Never disturb Hutch.
5.0 Un (sous)produit à la fois très rétro et parfaitement dans l’air du temps. On pense à True Lies ou A history of violence, dans le fond : le traditionnel sommeil du lion reconverti en agneau, ici un père de famille, terne et répétitif (la mise en scène d’une lourdeur terrible pour nous faire comprendre la morosité de son quotidien) cache une double vie passée de tueur à gages sans âme.
L’histoire est archi cousue : Celle d’un type apparemment lambda, qui vit sa petite vie monotone de père de famille dans un quartier pavillonnaire, et qui le soir d’un cambriolage chez lui, ne fera rien… Jusqu’à ce que ça le ronge et qu’on comprenne qu’il était loin d’être un type lambda dans une vie antérieure.
Ilya Nailshuller – dont c’est le deuxième long métrage en tant que réalisateur (après Hardcore Henry, que je n’ai pas vu) – n’a évidemment ni la carrure de Cronenberg ni celle de Cameron mais il leur emprunte beaucoup, aussi bien la crudité et la sécheresse de l’un que l’humour et le rythme de l’autre.
Pourtant, Nobody semble davantage opérer dans la lignée de John Wick et Breaking bad. Même scénariste que la franchise : Derek Kolstad. Même acteur que dans la série : Bob Odenkirk n’est pas choisi au hasard et l’on se dit que ce rôle (qui sied sans doute mieux à Keanu Reeves, plus monolithique) va comme un gant à celui qu’on associera toujours à celui de l’avocat véreux Jimmy McGill / Saul Goodman.
Si elles sont nettement moins flamboyantes visuellement que dans John Wick, les scènes d’action sont plutôt réussies, efficaces, superbement chorégraphiées, notamment lors de la séquence du bus : On y sent bien chaque coup, chaque plaie, de chaque côté. Car c’est aussi ça qui importe : Le personnage en prend plein la gueule aussi. Et surtout le film n’en fait pas un héros, loin de là. Plutôt un cinglé qui laisse échapper tout ce qu’il refoulait.

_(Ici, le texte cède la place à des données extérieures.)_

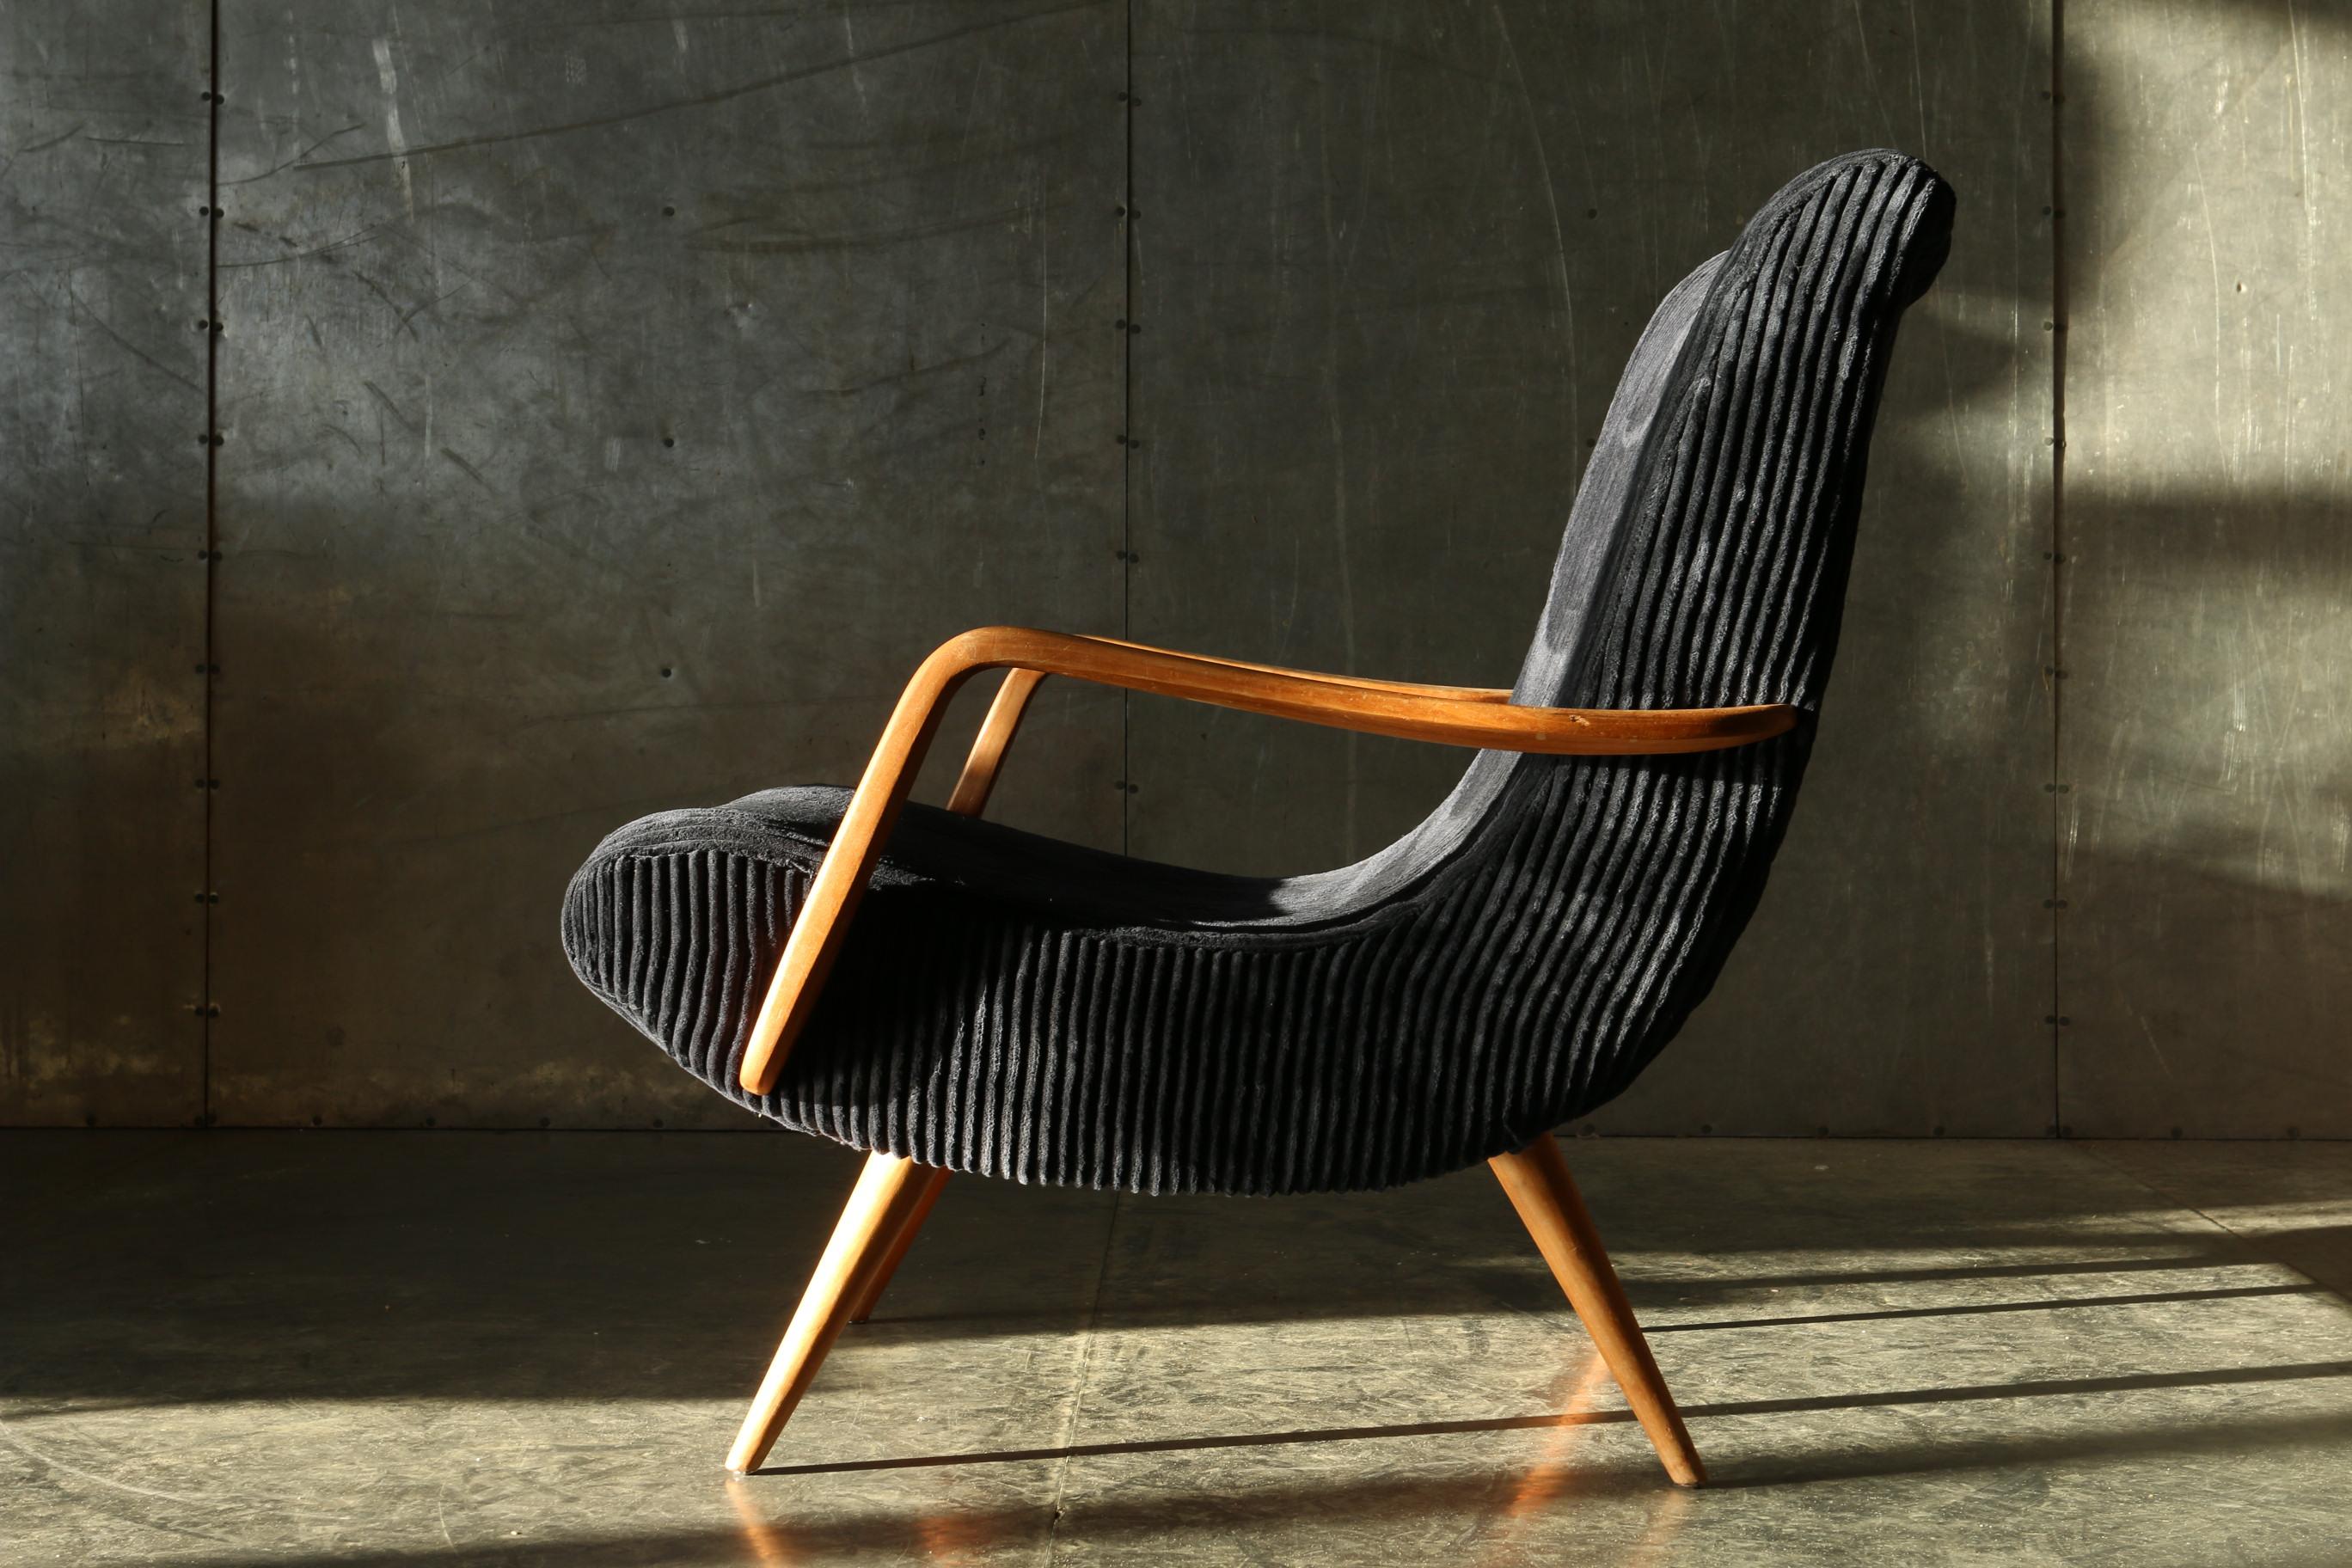 Vintage Design Fauteuil.Top Vintage Design Fauteuil Jaren 60 Dehuiszwaluw

C’est un peu tout l’inverse d’un Taken dans la motivation, c’est sans doute ce qui me plait. Que le film ne tente pas d’interroger voire de convaincre son spectateur qu’il ferait pareil si on violait / tuait un de ses proches, mais au contraire il fait du personnage un anti-héros, badass masqué, complètement dingue. Et il le fait jusqu’au choix scénaristique : Odenkirk redevient clairement le loup quand il comprend que ses agresseurs ont pris le collier de sa fille en embarquant sa pile d’espèces disposées dans une coupelle. C’est un collier qui le fait vriller. Il me semble qu’on ne peut pas faire plus honnête pour dire qu’on va juste partir dans le cocktail de bourrinade plutôt que de nous raconter quoi que ce soit de cohérent. Et ça le film le tient plutôt bien puisqu’il se termine en apothéose dans un entrepôt piégé (façon Home Alone trash) où les personnages défoncent du russe à la pelle, enfin plutôt à la mitrailleuse, bombe tout ce que tu veux.
En résulte un Actioner correct. Un bis très chouette. Oubliable dès que le film est terminé, tant il ne recèle d’aucune inventivité, tant le scénario est prétexte, mais le plaisir instantané est là. Et Odenkirk est top.